Creativity is a part of what it means to be a human being, but for many of us our creativity has been discouraged as we have grown up. As the artist Pablo Picasso put it, "Every child is an artist. The problem is how to remain an artist once we grow up." Reading poetry is a great way to feed the creative part of ourselves, that is there in all of us, calling us to look at life, and at ourselves, from different perspectives, nourishing our souls, inspiring, challenging, encouraging, enraging, consoling. And you never know, after reading a few poems, you may just be inspired to pick up your own pen or paintbrush!

To make this task easier, we will provide a suggested poem for each day (but feel free to choose your own). You might want to read the poem through slowly (possibly out loud), two or three times, to really let it sink into you, paying attention to how it speaks or does not speak to you, what it provokes or unearths in you and what it leaves untouched.

Suggested poem: The Good News by Thich Nhat Hanh

https://www.themindfulword.org/2007/poetry-good-news-hanh 


Day 19:

  • Drink a glass of water first thing in the morning.

  • Write down 3 things you are grateful for.

  • Do a simple act of kindness.

  • Take a minute to stop and pay attention to your breath.

  • Take a few minutes to write down when you felt most alive today and why?


Day 20:

  • Drink a glass of water first thing in the morning.

  • Write down 3 things you are grateful for.

  • Take 3 minutes to stop and pay attention to your breath.

  • Take a few minutes to write down when you felt most alive today and why?

  • Take a minute to read a poem (or look at a piece of art or listen to a piece of music).

Suggested poem: In Blackwater Woods by Mary Oliver

https://wordsfortheyear.com/2014/03/28/in-blackwater-woods-by-mary-oliver/


Day 21:

  • Drink a glass of water first thing in the morning and smile at yourself in the mirror.

  • Write down 3 things you are grateful for.

  • Do a simple act of kindness.

  • Take 2 minutes to stop and pay attention to your breath.

  • Take a few minutes to write down when you felt most alive today and why?


Day 22:

  • Drink a glass of water first thing in the morning and smile at yourself in the mirror.

  • Write down 3 things you are grateful for.

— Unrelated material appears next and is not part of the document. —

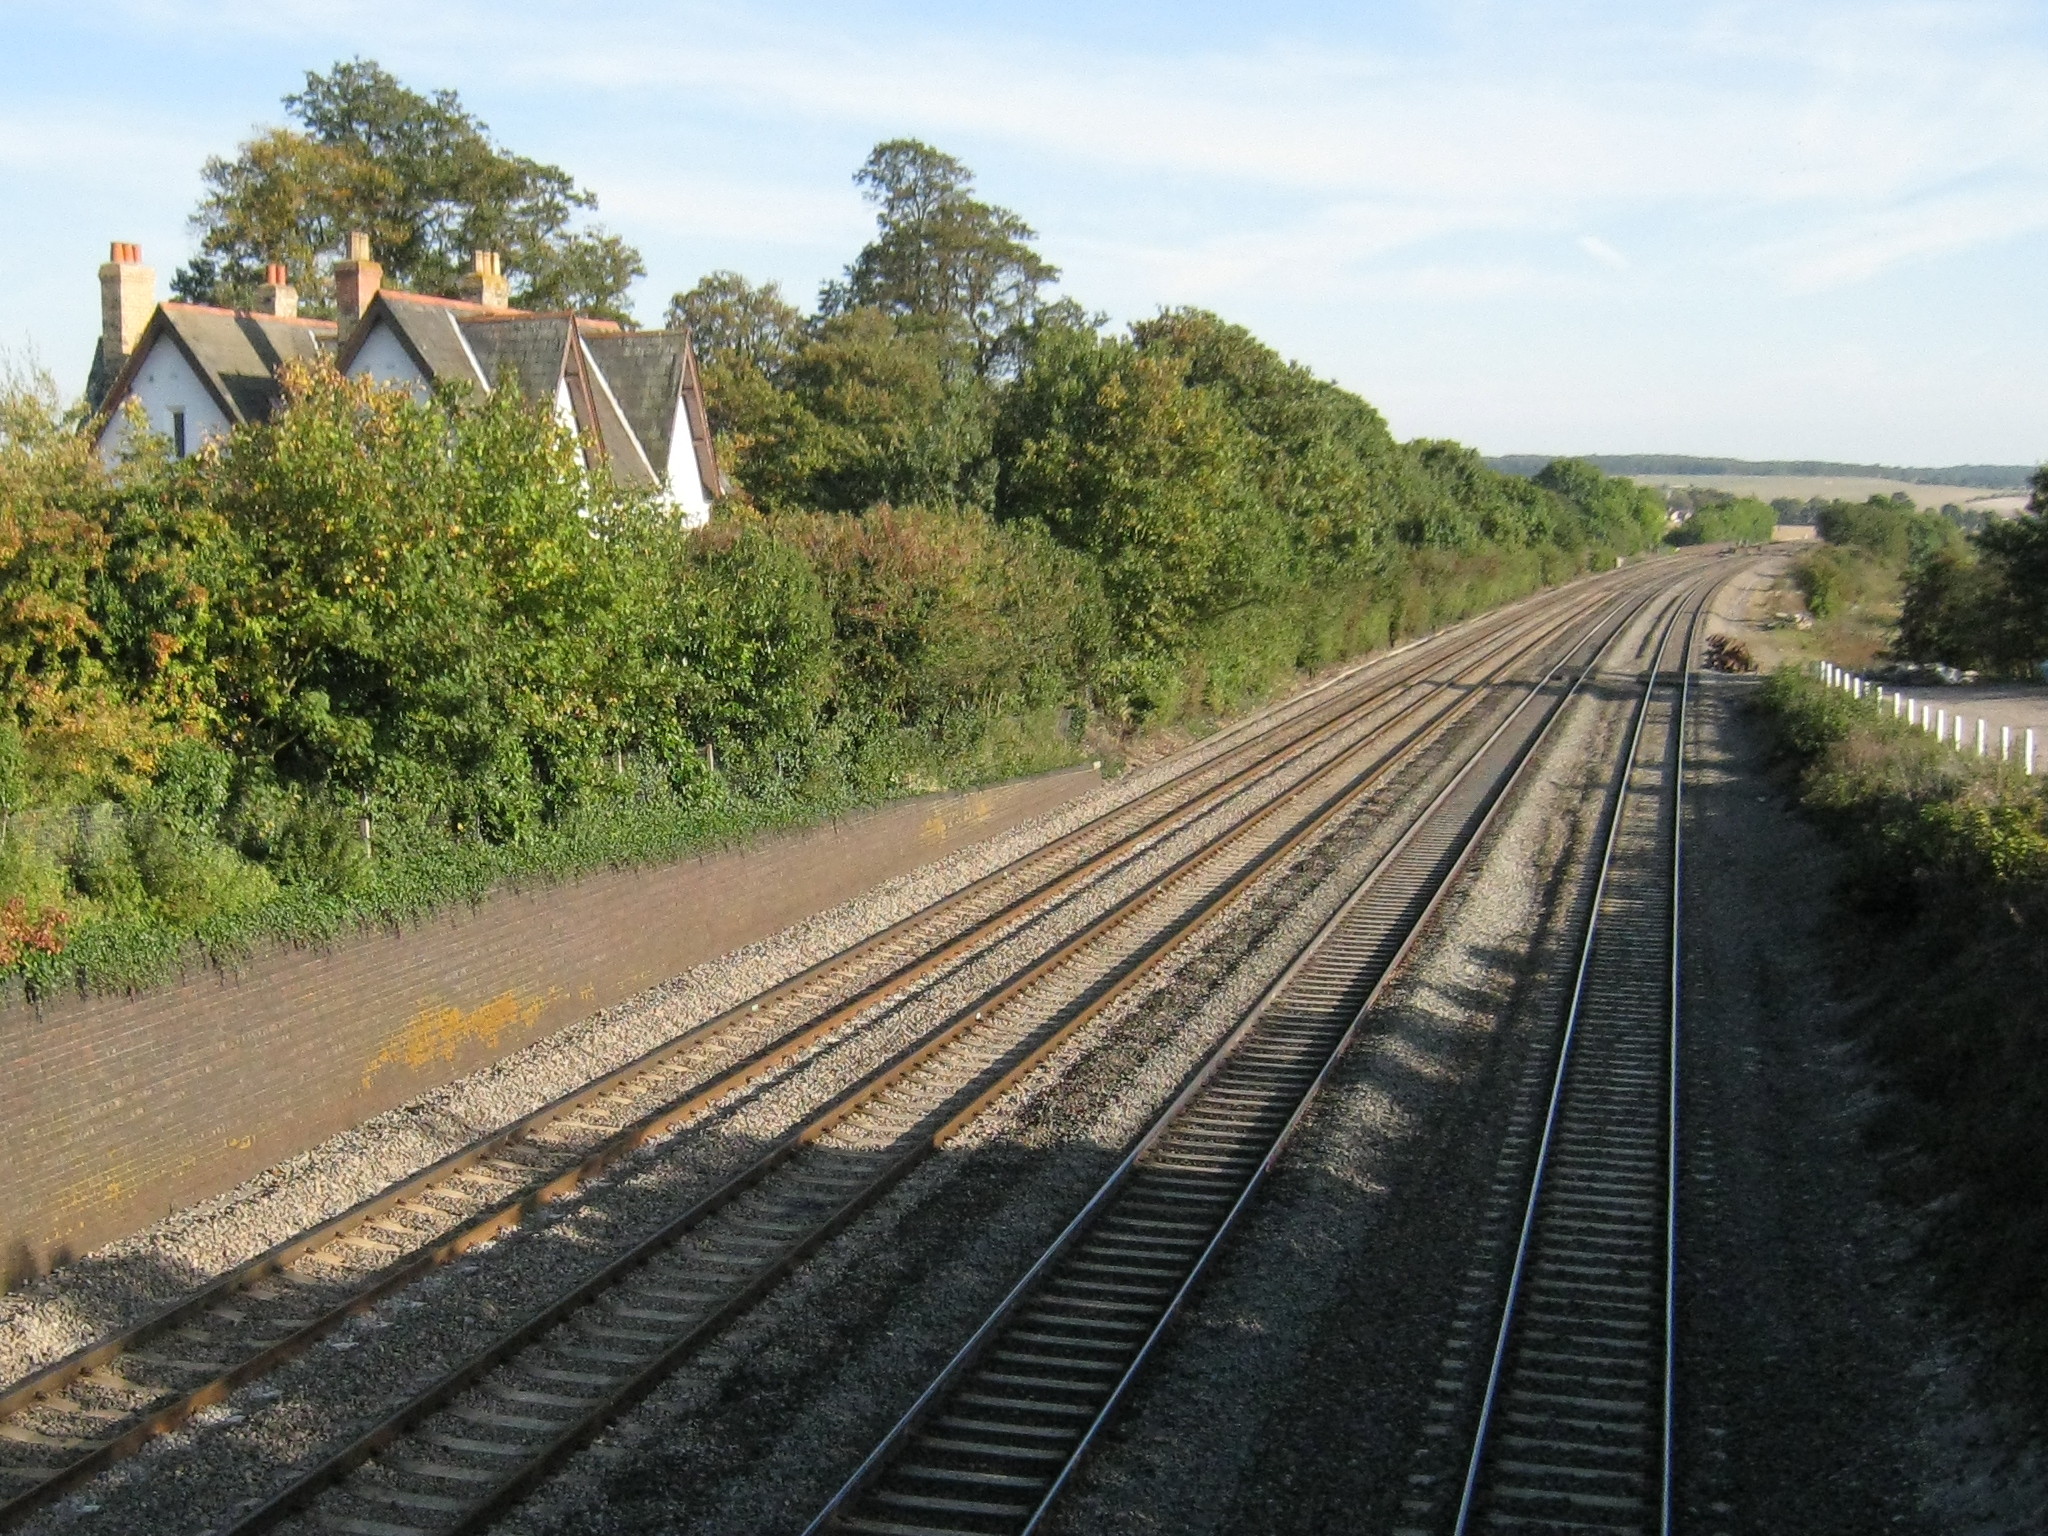 Moulsford railway station

  • Do a simple act of kindness.

  • Take 2 minutes to stop and pay attention to your breath.

  • Take a few minutes to write down when you felt most alive today and why?

  • Take a minute to read a poem (or look at a piece of art or listen to a piece of music).

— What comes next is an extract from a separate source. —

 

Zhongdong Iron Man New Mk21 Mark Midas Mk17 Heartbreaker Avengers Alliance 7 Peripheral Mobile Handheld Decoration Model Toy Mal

Suggested poem: Kindness by Naomi Shahib Nye

https://poets.org/poem/kindness


Day 23:

  • Drink a glass of water first thing in the morning and smile at yourself in the mirror.

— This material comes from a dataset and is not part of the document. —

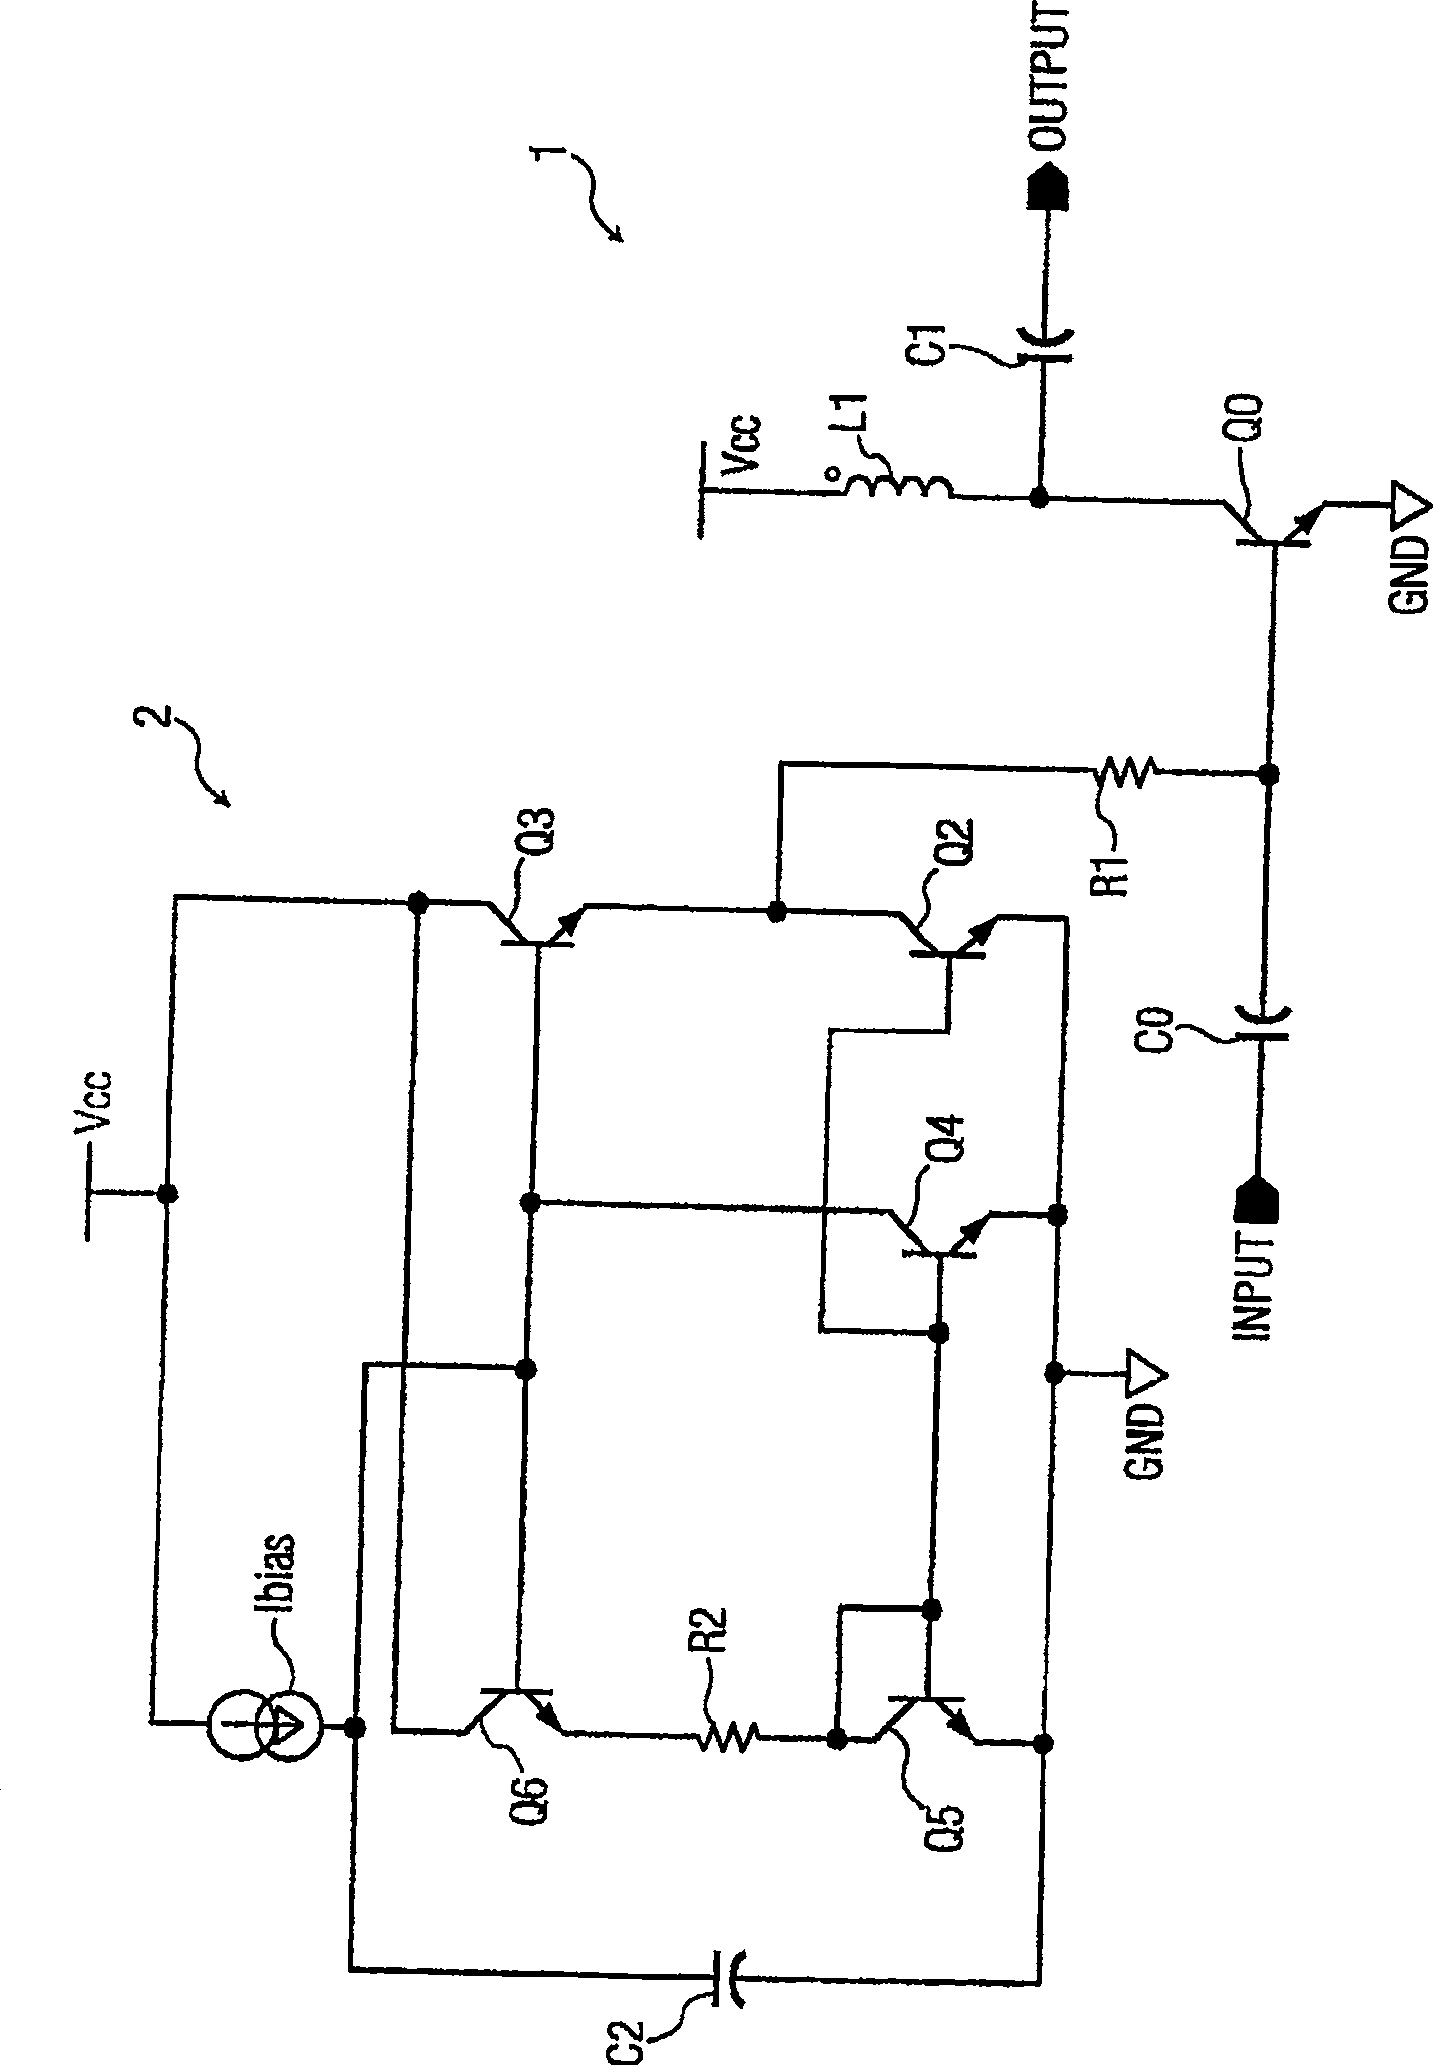 Amplifier circuit having an extended Wilson current-mirror self-bias boosting circuit

  • Write down 3 things you are grateful for.

  • Take 2 minutes to stop and pay attention to your breath.

  • Take a few minutes to write down when you felt most alive today and why?

  • Take a minute to read a poem (or look at a piece of art or listen to a piece of music).

Suggested poem: The Sun Never Says by David Ladinsky

https://livingthepresentmoment.com/david-ladinsky-sun-never-says


Day 24:

  • Drink a glass of water first thing in the morning and smile at yourself in the mirror.

  • Write down 3 things you are grateful for.

  • Do a simple act of kindness.

  • Take 2 minutes to stop and pay attention to your breath.

  • Take a few minutes to write down when you felt most alive today and why?

  • Take a minute to read a poem (or look at a piece of art or listen to a piece of music).

Suggested poem: The Bright Field by R.S. Thomas

https://emilyspoetryblog.com/2013/10/23/the-bright-field-by-r-s-thomas/


Day 25:

  • Drink a glass of water first thing in the morning and smile at yourself in the mirror.

  • Write down 4 things you are grateful for.

  • Take 3 minutes to stop and pay attention to your breath.

  • Take a few minutes to write down when you felt most alive today and why?

  • Take a minute to read a poem (or look at a piece of art or listen to a piece of music).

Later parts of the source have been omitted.